Николай Васильевич, пробормотав «в Греции все есть», достал из бардачка плоскую фляжку. Открутил от нее вместительную крышечку, набулькал туда с горкой:

– Выпей, Дусенька. Оформись. И туфельки свои на каблучках надень.

Дуся выпила, зажмурилась. Некоторое время прислушивалась к ощущениям – на пустой желудок забирало быстро. И в результате, томно поведя очами, проворковала:

– Николай Васильевич, а если я тебя «папочкой» называть буду, это как – не перебор?

Васильевич пригляделся к пьяненькой помощнице, понял, что Евдокия подбирает правильную ноту для начала выступления, кивнул:

– Уви, мон шер. Называй как хочешь. Хоть «папулей», хоть «драгоценным козликом»…

Минут через десять гламурная композиция из подвыпившей Дуси, бантов и каблуков произвела фурор. Верная себе отличница Землероева выступала на пять с плюсом.

Николай Васильевич привез Евдокию в гости к воспитанным людям. На лицах Максима Ильича и его младшего таможенного брата, вышедших встречать Шаповалова к воротам, не дрогнул ни единый мускул, когда из «Нивы» выбралась неимоверная девица с блестящей киской на майчонке. Евдокия тряхнула головой – в ушах подпрыгнули сережки в виде крошечных котят, и церемонно пискнула:

– Инесса.

И протянула мужикам наманикюренную лапку.

Лапку ей пожали вяленько, по очереди. Мускулы и тут не дрогнули, но глаза сверкали все же пораженно. Общее впечатление от Дуси в кошечках и бантах чуть позже выразила дочь Евгения Ильича – Милена. По правде сказать, и это мнение Евдокия считала по артикуляции губ воспитанной девушки. Милена стояла вдалеке, на дорожке, ведущей к двухэтажному каменному дому, слегка покачивая головой и округляя синие глаза, девчонка четко прошевелила пухлыми губами: «Оф-ф-фигеть!..»

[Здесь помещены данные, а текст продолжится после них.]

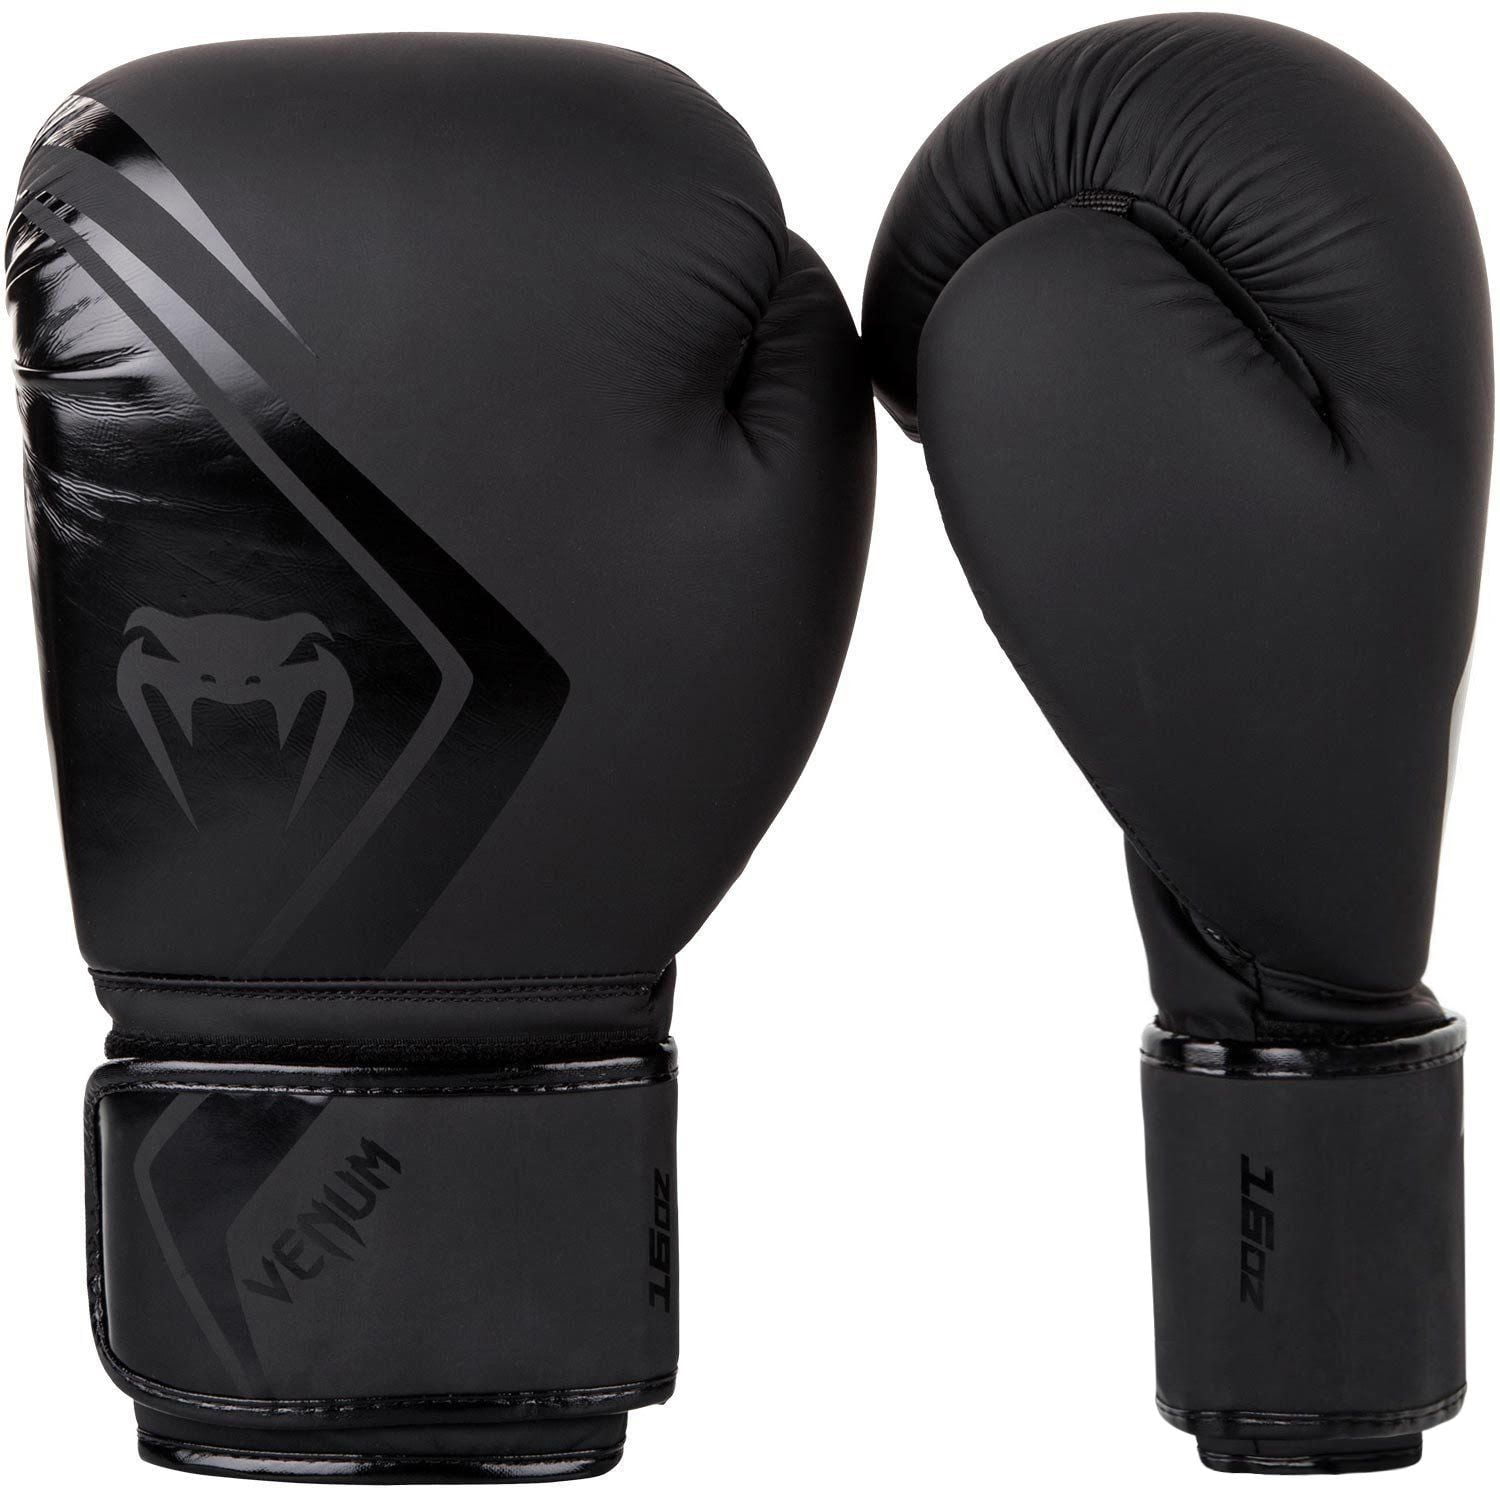 Gants de boxe Venum Contender 2.0 - Noir - 16 oz - Maroc

Евдокия мысленно с ней согласилась и посчитала парад принятым. Оглянулась к «Ниве», где два Ильича сердечно тискали в объятиях друга покойного отца, и капризно прогнусавила:

– Ну, папочка… А чемодан?

Николай Васильевич молодцеватым рывком выдрал из багажника огромное розовое чудовище на колесиках. Младший Ильич перехватил багаж у дяденьки-пенсионера и, старательно не глядя на застывшую в эксклюзивной московской позе Землероеву, поволок чудовище к апартаментам.

Дуся убила комара на голой коленке, одернула короткую, почти прозрачную цветастую юбку и зацокала каблуками по плиточной дорожке. Из умных книжек и небольшого, но славного сыщицкого опыта Евдокия знала: первое впечатление – неубиваемо, незабываемо. Его не вытравить ни оговорками, ни ляпами, Дуся выверенно и целенаправленно создавала реноме реально чокнутой девицы с комплексом Электры в полный рост. В чемодане хранились два комплекта одежды достойных похоронных расцветок, но ради первого убийственного впечатления «невеста» разоделась в разноцветные шелка и банты.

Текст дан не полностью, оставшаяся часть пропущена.